→ WORK ORDER
The pictures are to be left out when the listing below is reproduced word for word.

→ DATA SECTION
########

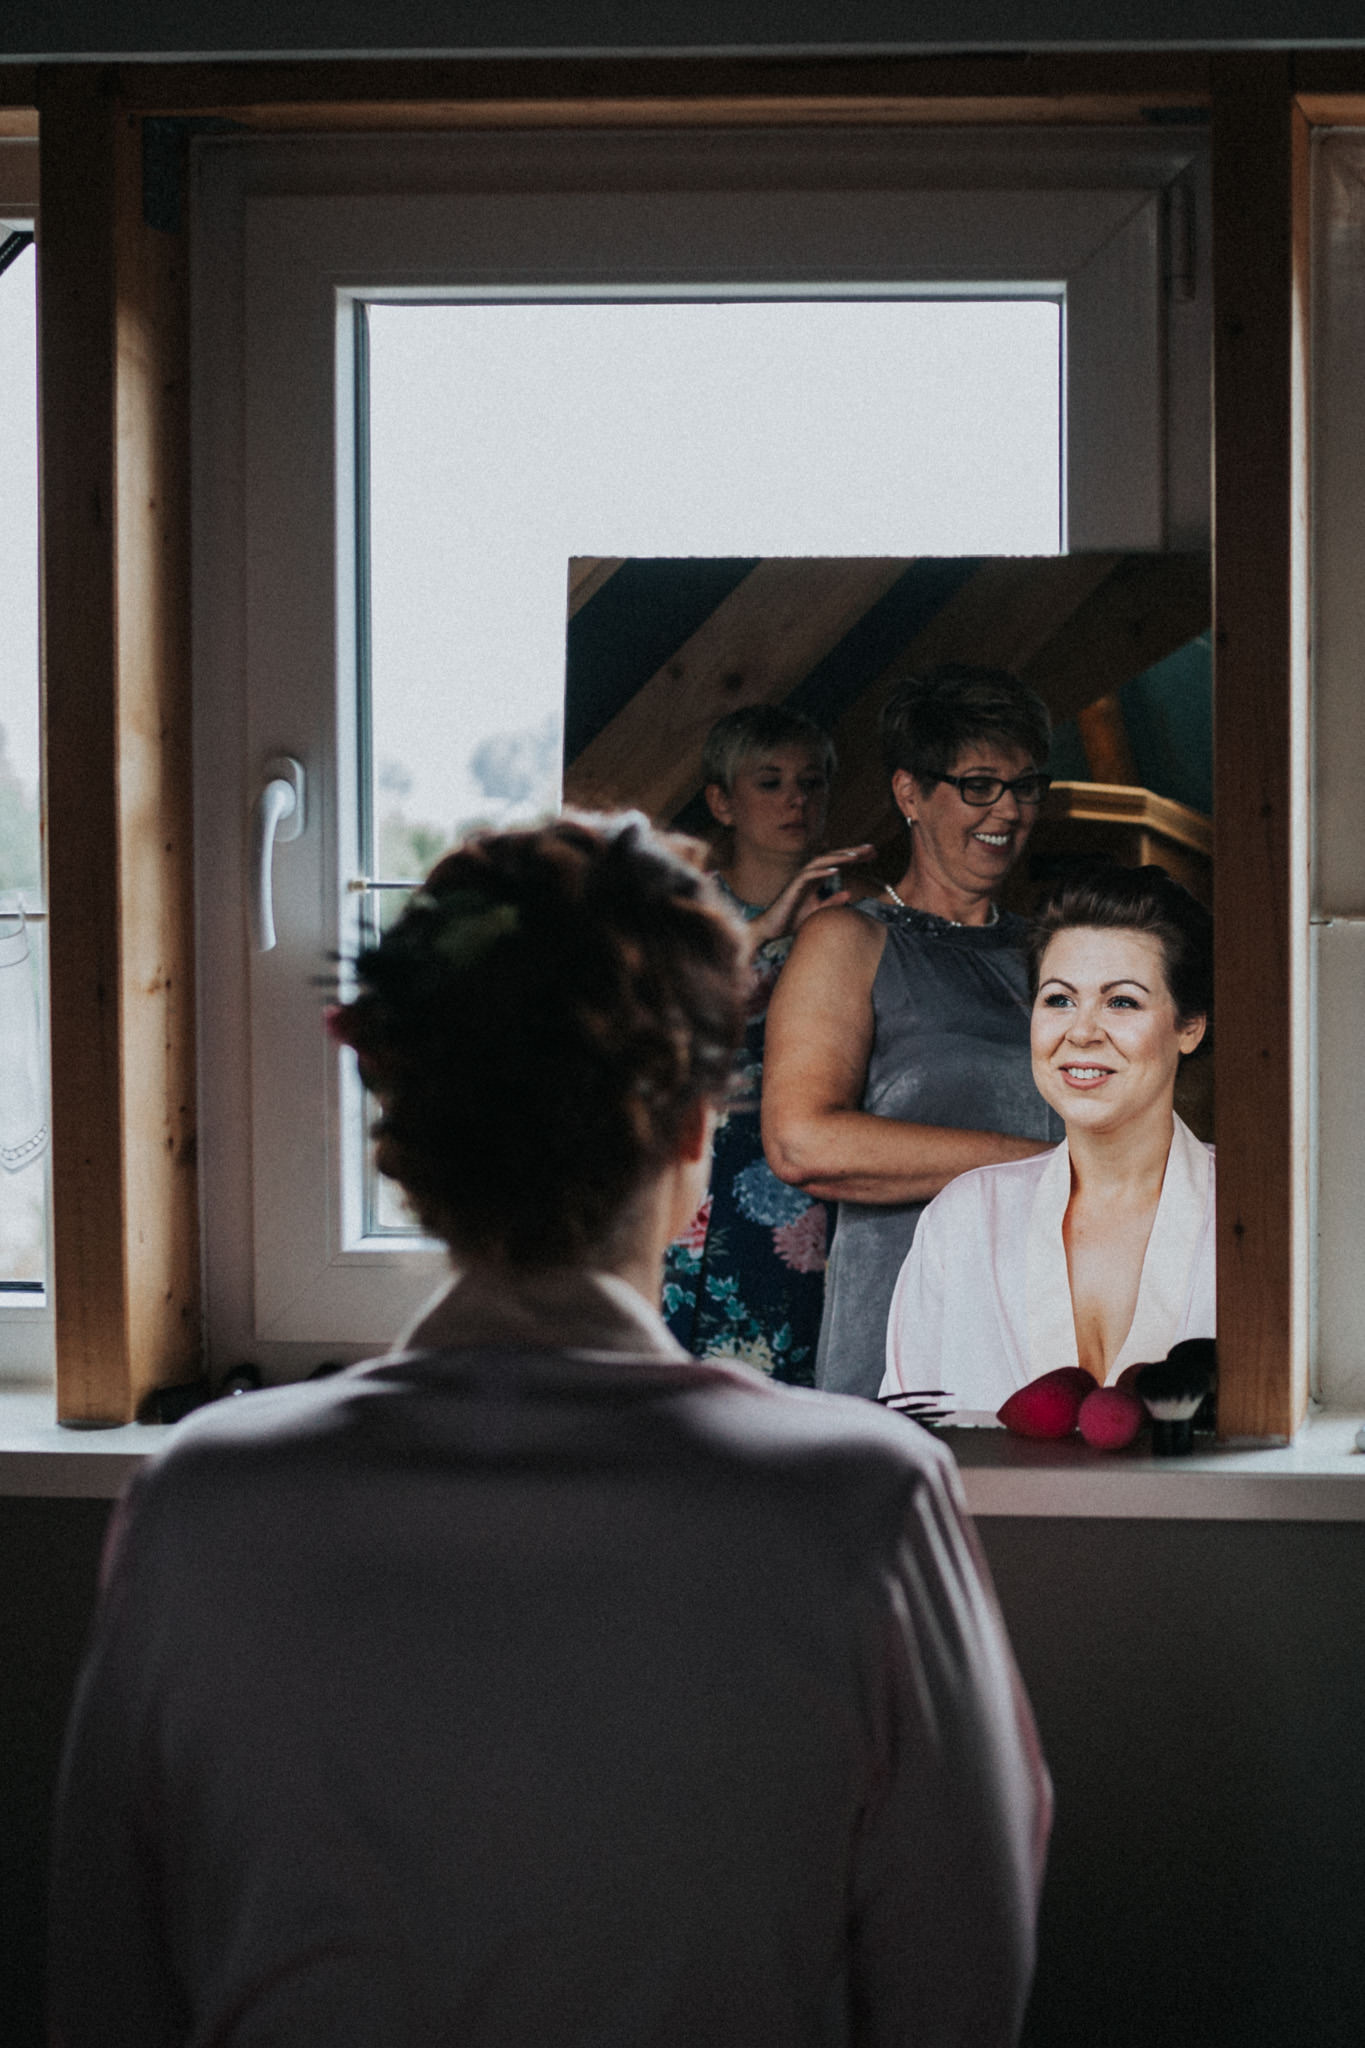 Hochzeitsfotograf-Homberg-14.jpg
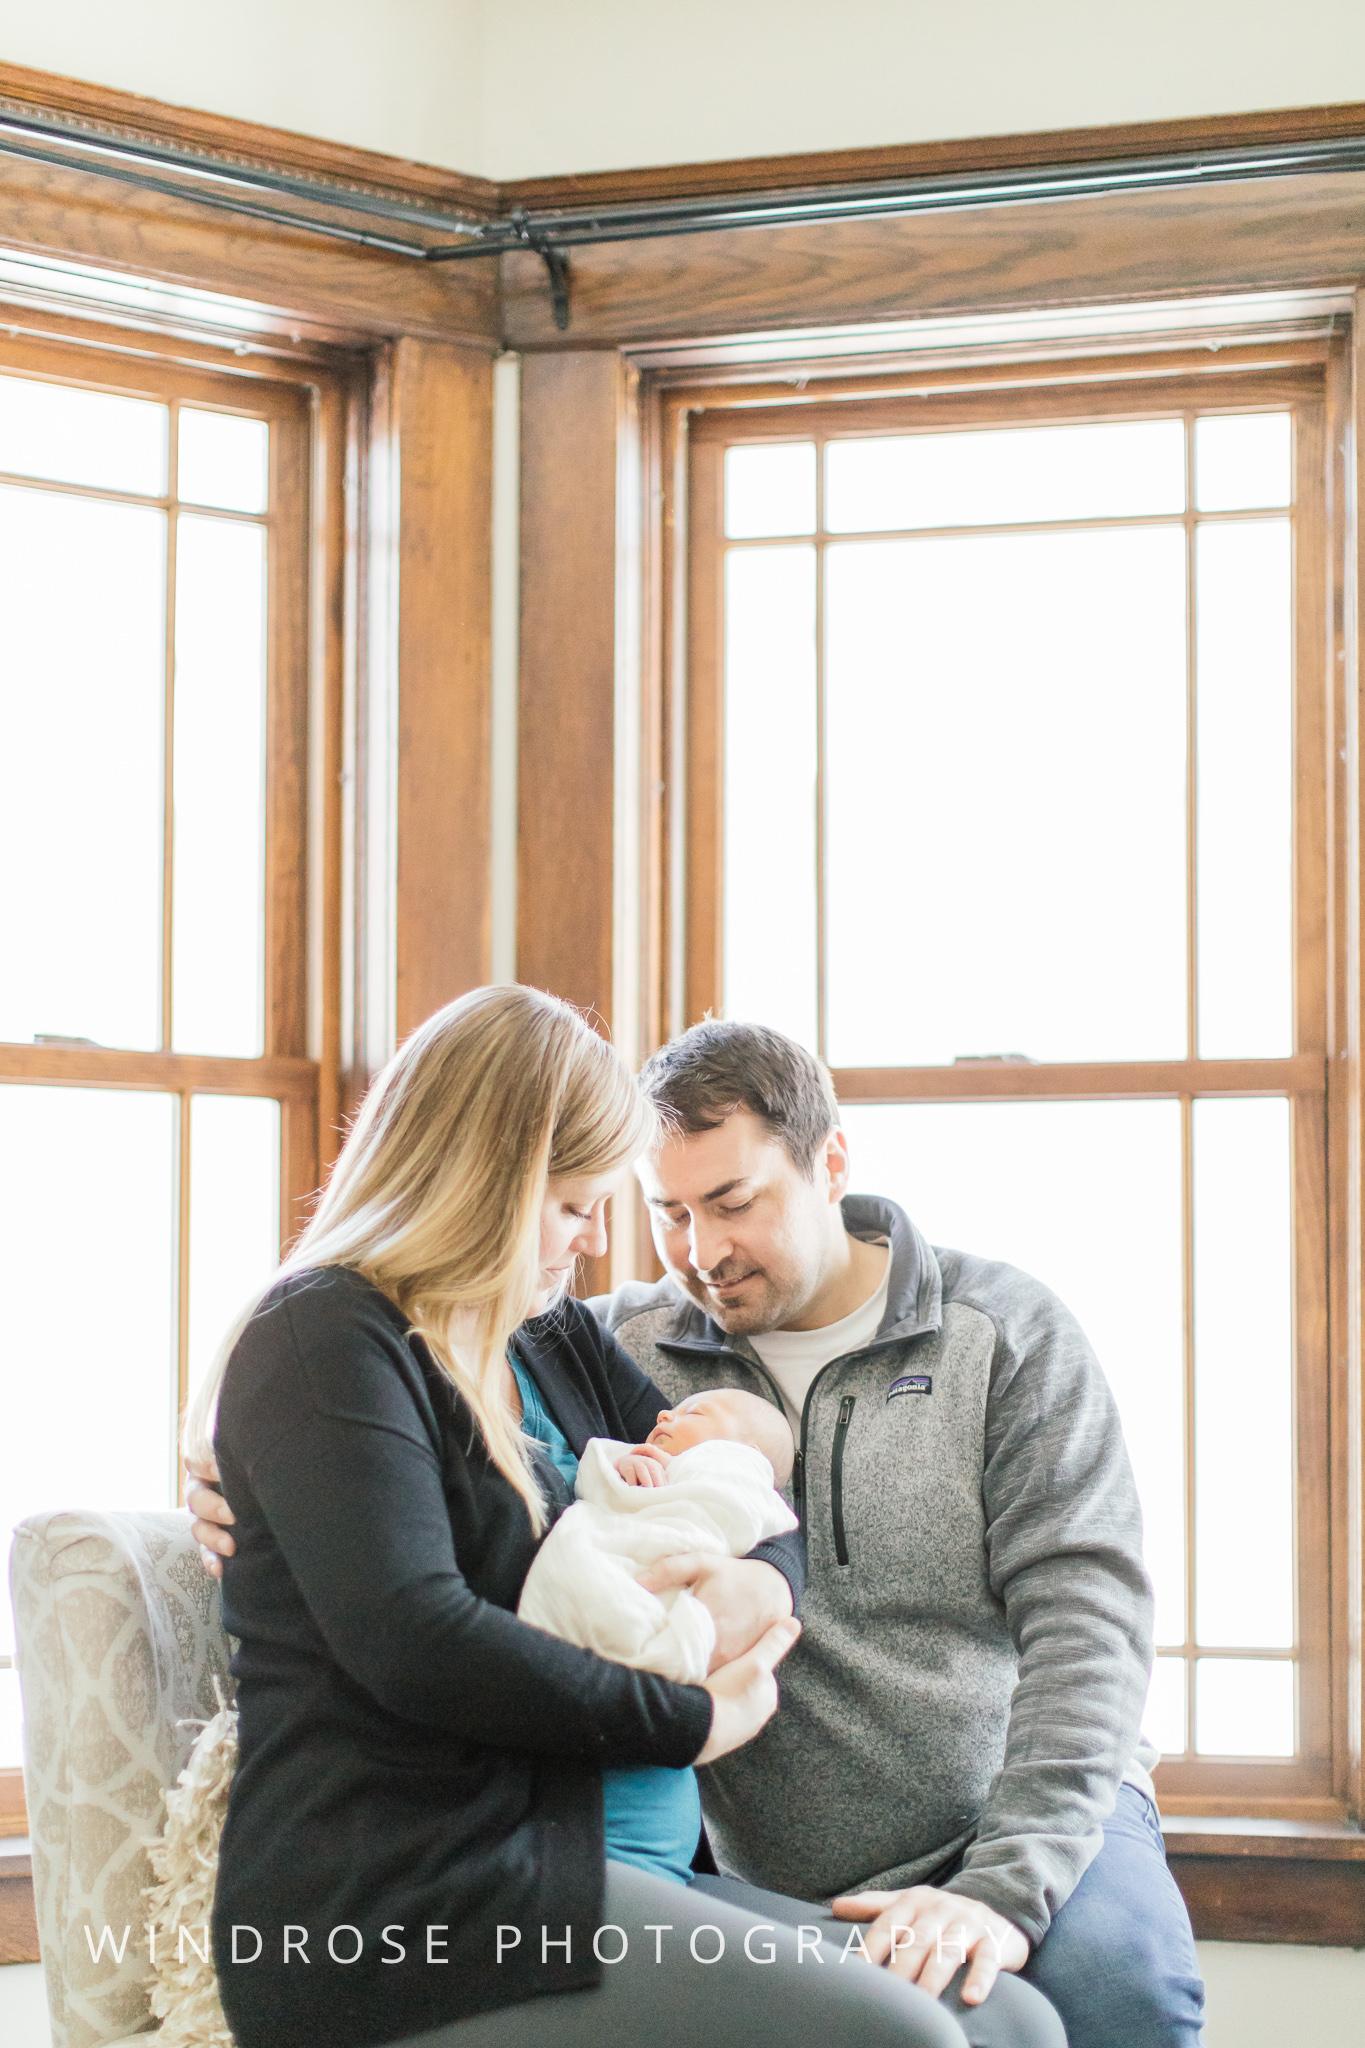 Newborn-Photography-Session-Rochester-MN-22.jpg
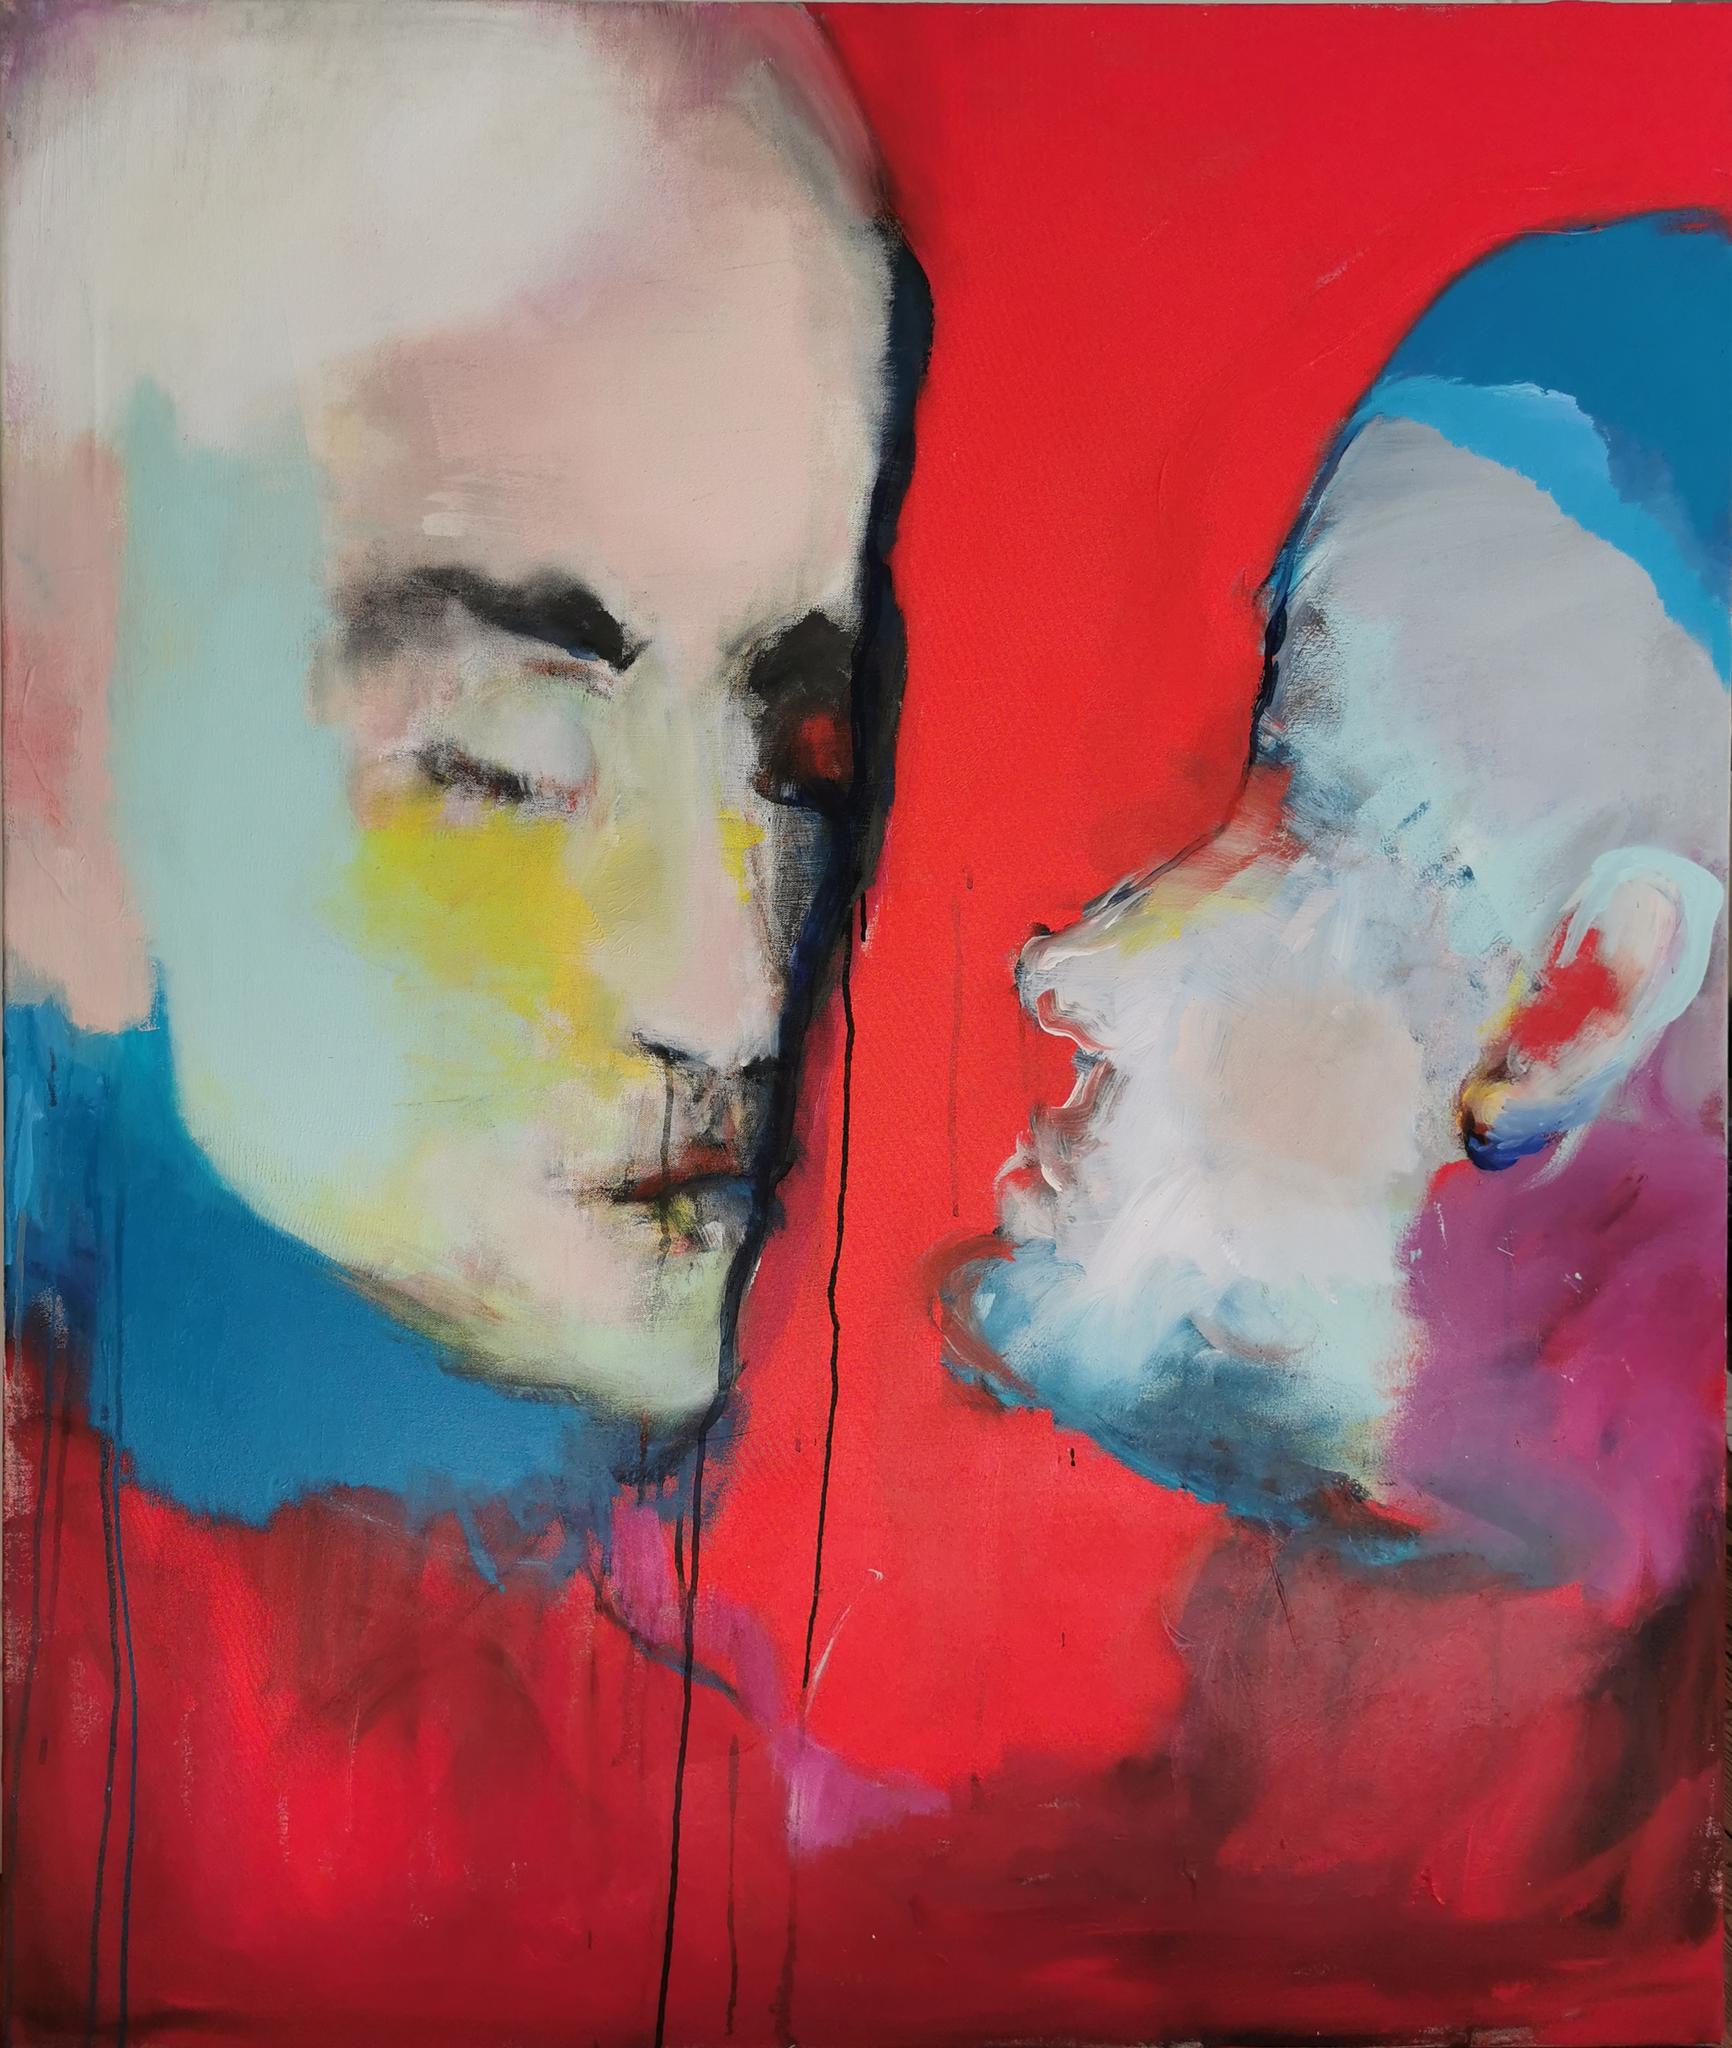 Das Rot (Acrylic, Graphite, Ink on Canvas, 120 x 100cm)

########

→ TASK OUTPUT
 Hochzeitsfotograf-Homberg-14.jpg
 Newborn-Photography-Session-Rochester-MN-22.jpg
 Das Rot (Acrylic, Graphite, Ink on Canvas, 120 x 100cm)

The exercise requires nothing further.